W2: Over-squashing claim could be strengthened.
RW2: We thank the reviewer for their suggestion. Our empirical analysis of the widely-used Trees-NeighborsMatch dataset [1,2,3,4] demonstrates how PR-MPNNs alleviate over-squashing. As illustrated in Figure 4, PR-MPNNs outperform standard MPNNs and match Graph Transformers' performance, which is believed to not suffer from over-squashing issues [2].
We appreciate the suggestion and agree that further exploring the over-squashing phenomena with PR-MPNNs could be insightful. However, our experience indicates that traditional analyses using topological properties, as in references [3, 5], are not entirely adequate for black-box rewiring methods like ours. Despite logging various topological features such as edge curvatures and spectral gaps, no significant patterns emerged in the rewired graphs.
To illustrate why we believe that topological and spectral properties may be limited when employing learnable rewiring methods, we give an intuition via the following example:
Suppose that, to solve some task, nodes A and B from the initial graph a) need to pass messages, but there’s an information bottleneck between C and D. Increasing curvature in the rewiring process (as in example b) might improve information flow. However, a trivial solution, that could be obtained with PR-MPNNs, is to connect nodes A and B, bypassing the bottleneck directly. Moreover, if we delete the edge connecting nodes C and D, we obtain a graph that has the same curvature as the initial graph, as exemplified in example c).

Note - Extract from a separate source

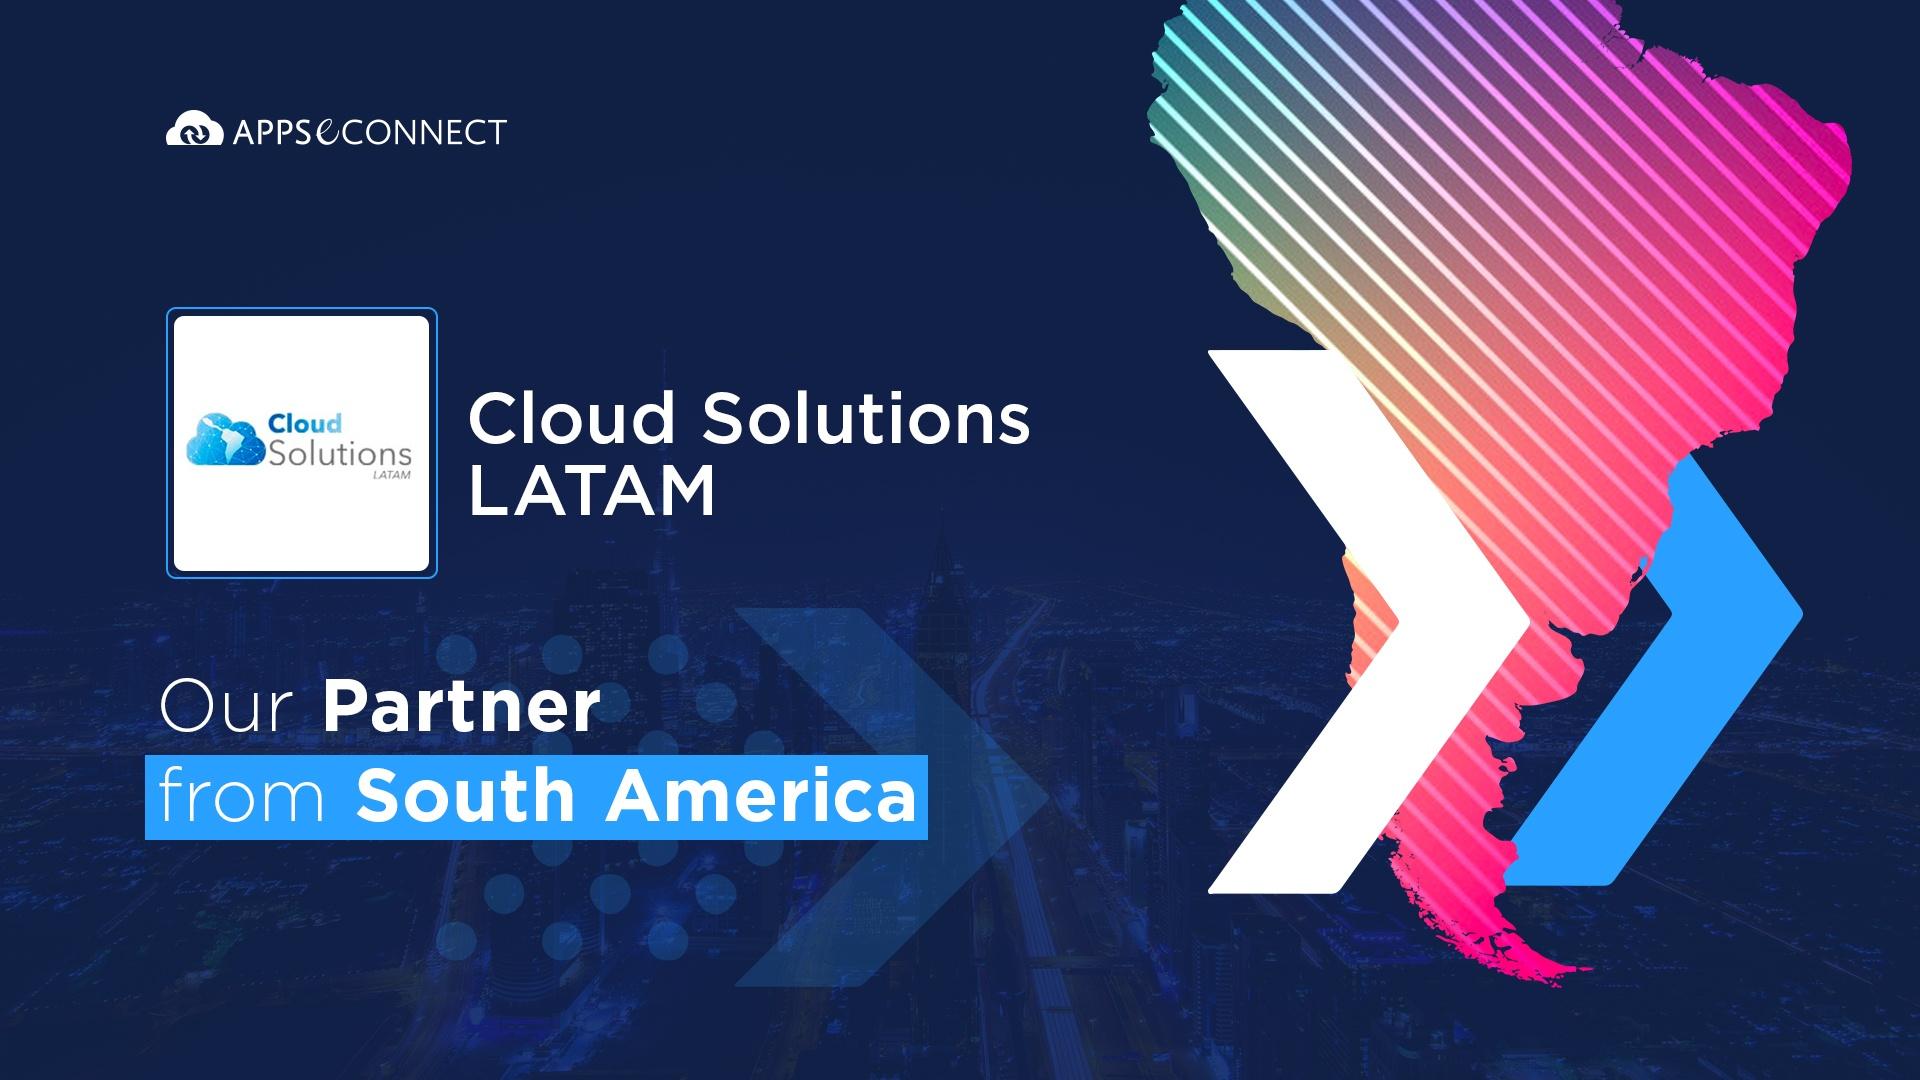 Cloud-Solutions-LATAM-partner-social-post

This simplified example may not fully capture the complexity encountered in real-world scenarios. However, we want to point out that PR-MPNNs are indeed able to find perfect solutions in this kind of toy scenarios, as illustrated in Figure 3, where the PR-MPNN is recovering the trivial solution to the task for the Trees-LeafCount synthetic dataset.
[1]: Alon, Uri, and Eran Yahav. "On the bottleneck of graph neural networks and its practical implications." arXiv preprint arXiv:2006.05205 (2020).

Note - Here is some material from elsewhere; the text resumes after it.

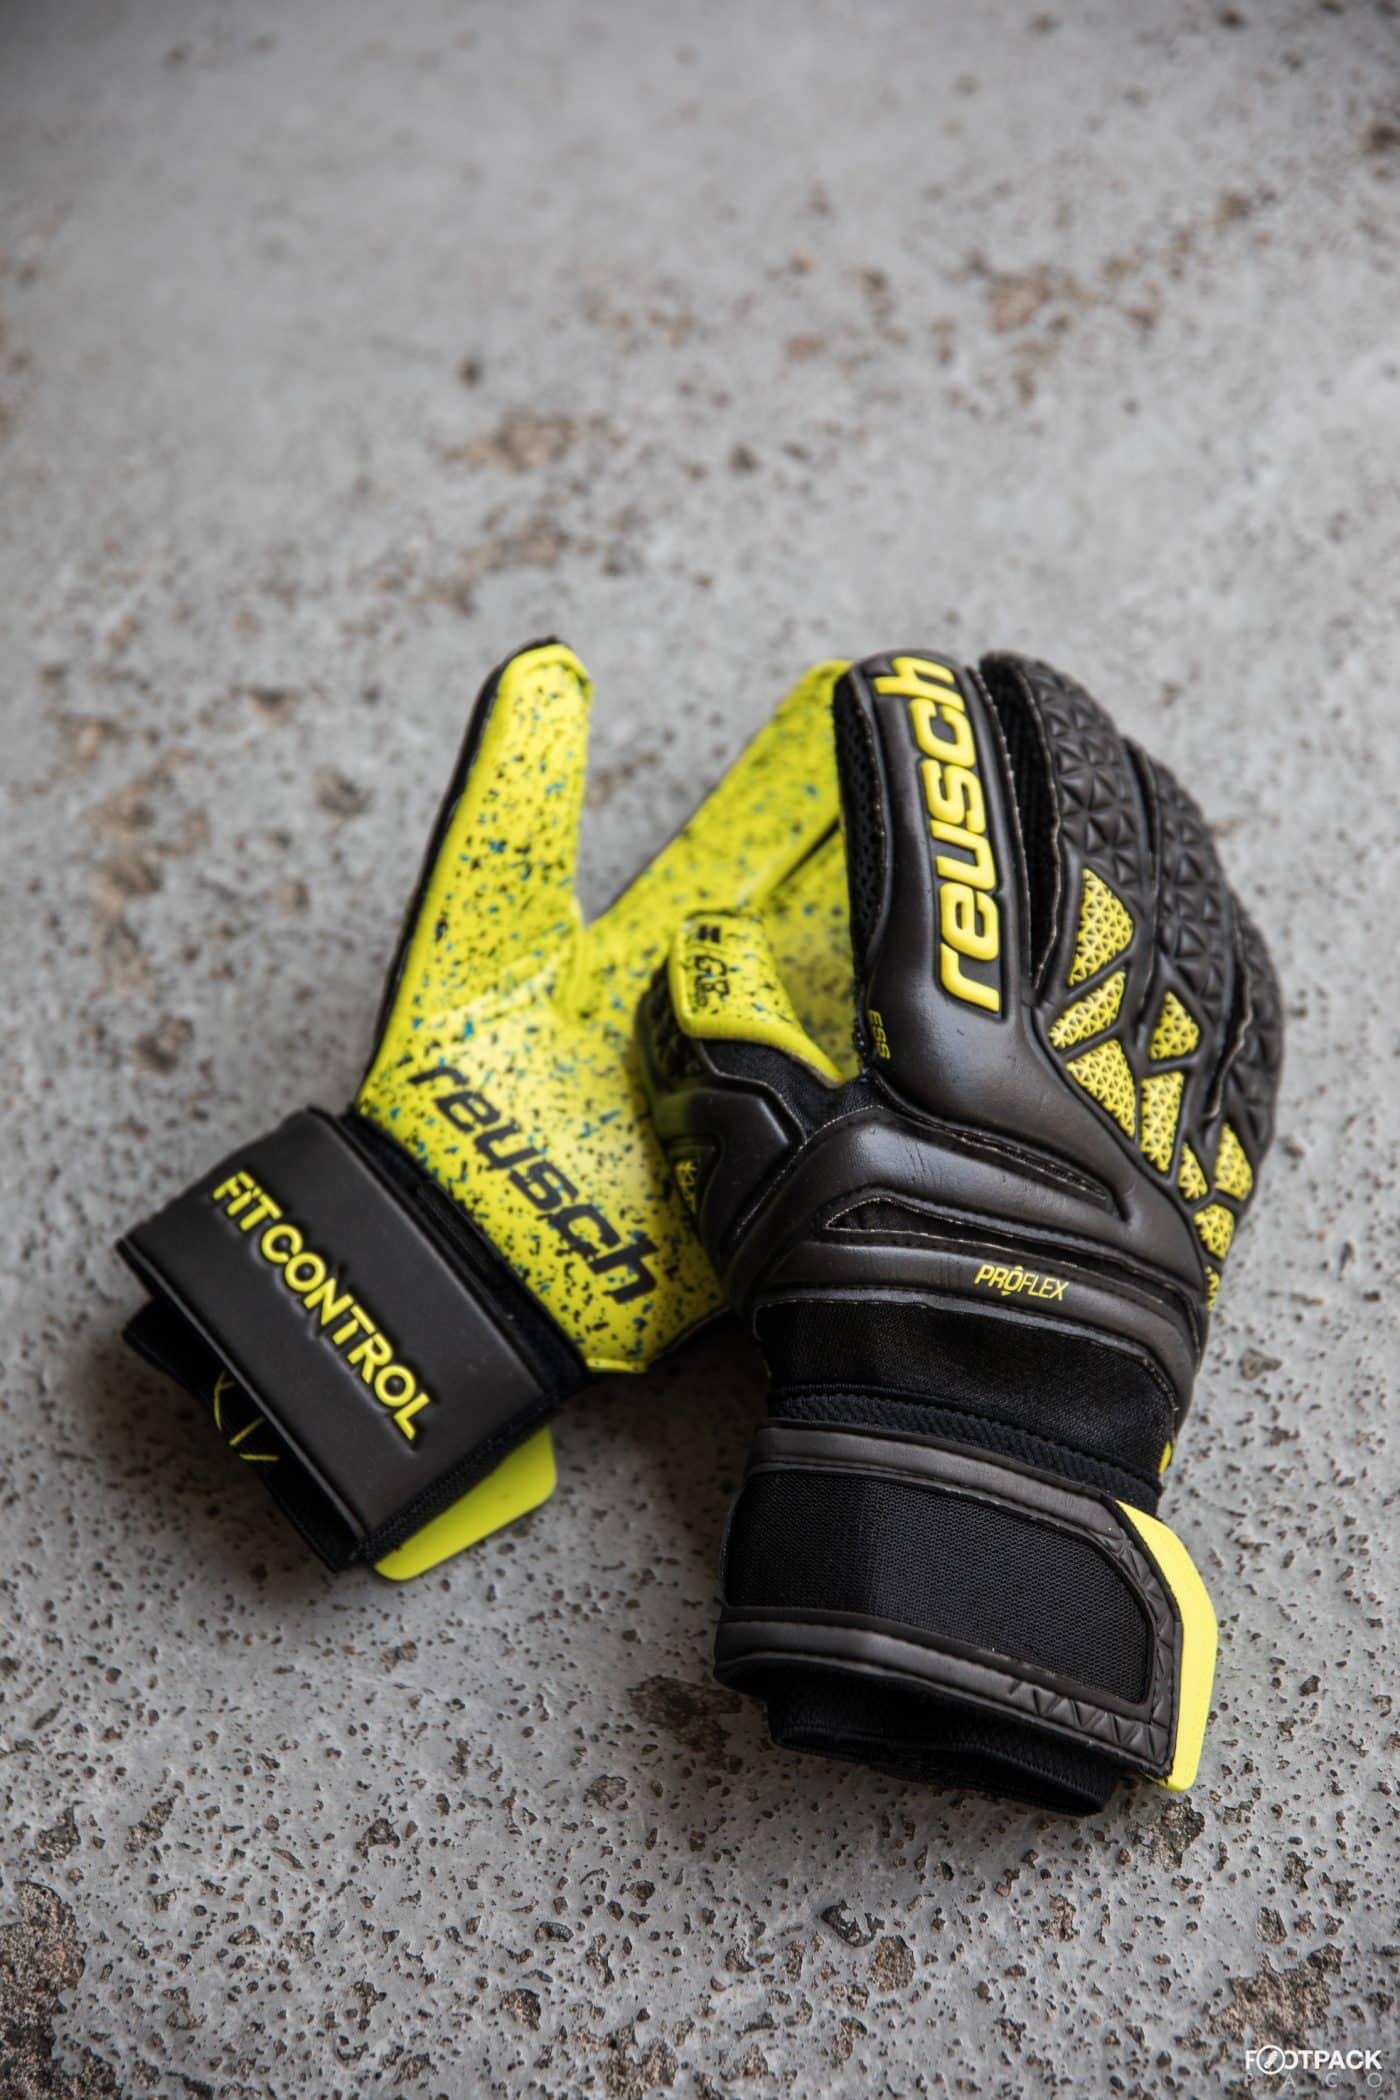 gant-reusch-fit-Control-Pro-G3-Fusion-HL-hugo-lloris-footpack-13

[2]: Müller, Luis, et al. "Attending to graph transformers." arXiv preprint arXiv:2302.04181 (2023).
[3]: Karhadkar, Kedar, Pradeep Kr Banerjee, and Guido Montúfar. "FoSR: First-order spectral rewiring for addressing oversquashing in GNNs." arXiv preprint arXiv:2210.11790 (2022).

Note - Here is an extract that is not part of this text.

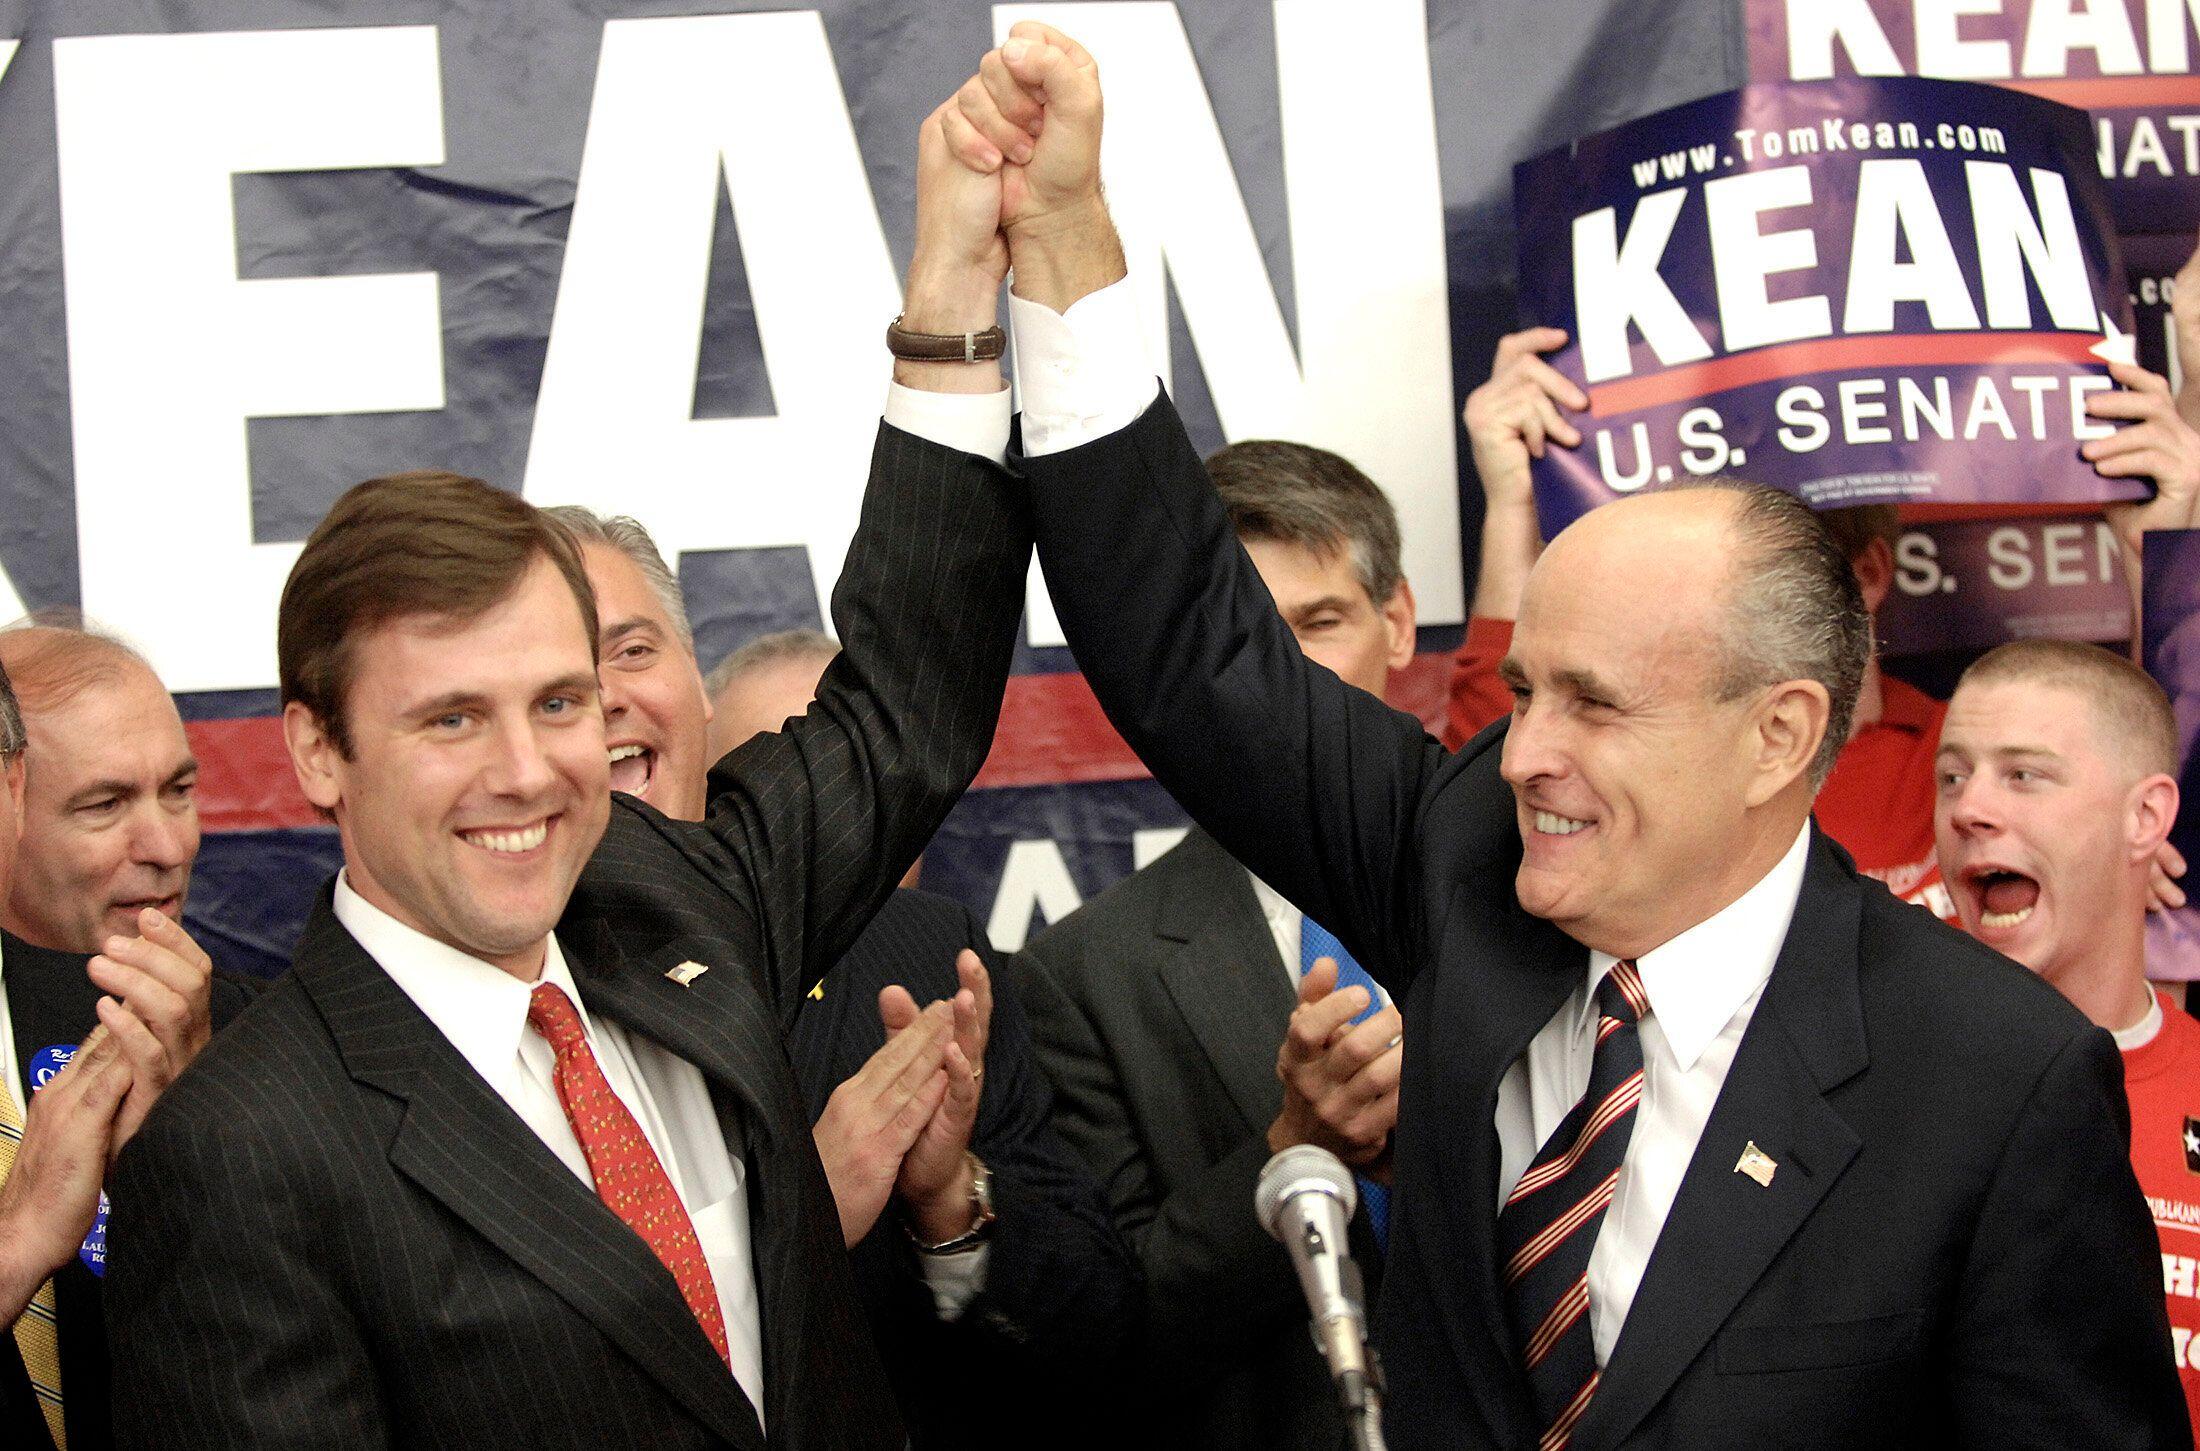 Tom Kean Jr. campaigns with former New York City Mayor Rudy Giuliani during Kean's losing bid for the U.S. Senate in 2006.

[4]: Banerjee, Pradeep Kr, et al. "Oversquashing in GNNs through the lens of information contraction and graph expansion." 2022 58th Annual Allerton Conference on Communication, Control, and Computing (Allerton). IEEE, 2022.
[5]: Topping, Jake, et al. "Understanding over-squashing and bottlenecks on graphs via curvature." arXiv preprint arXiv:2111.14522 (2021).
Q1: Are new edges being added when rewiring?
RQ1: Thank you for highlighting this aspect. In our paper, while we focus on edge removal in Figure 5 concerning theoretical discussion in relation to randomized methods like DropEdge and DropGNN, in practical applications, we perform both edge addition and deletion. Detailed statistics on the number of edges added and removed are provided in Supplementary Table 8. To enhance clarity, we have revised our manuscript to explicitly state that we are both adding and removing edges.
Q2: More comparisons with deterministic rewiring methods.
RQ2: Please see our response to Weakness 1.
Q3: Evidence that we reduce over-squashing.
RQ3: As noted in our response to Question 1, our method involves both edge addition and deletion. For a detailed discussion on why spectral and topological analysis may not adequately address over-squashing in the context of learnable rewiring, please refer to our response to Weakness 2. We posit this is also the case for methods that treat graphs as fully-connected, such as Graph Transformers.
I would like to thank the authors for the reply. I think this is a nice piece of work and recommend acceptance to the conference.
We appreciate your kind reply. We would kindly ask you to adjust your score if we have addressed the concerns. Please also let us know what we can further improve.
After further careful thought, I agree that the authors have been thorough in the rebuttal and more generally in their work. I have increased the score accordingly.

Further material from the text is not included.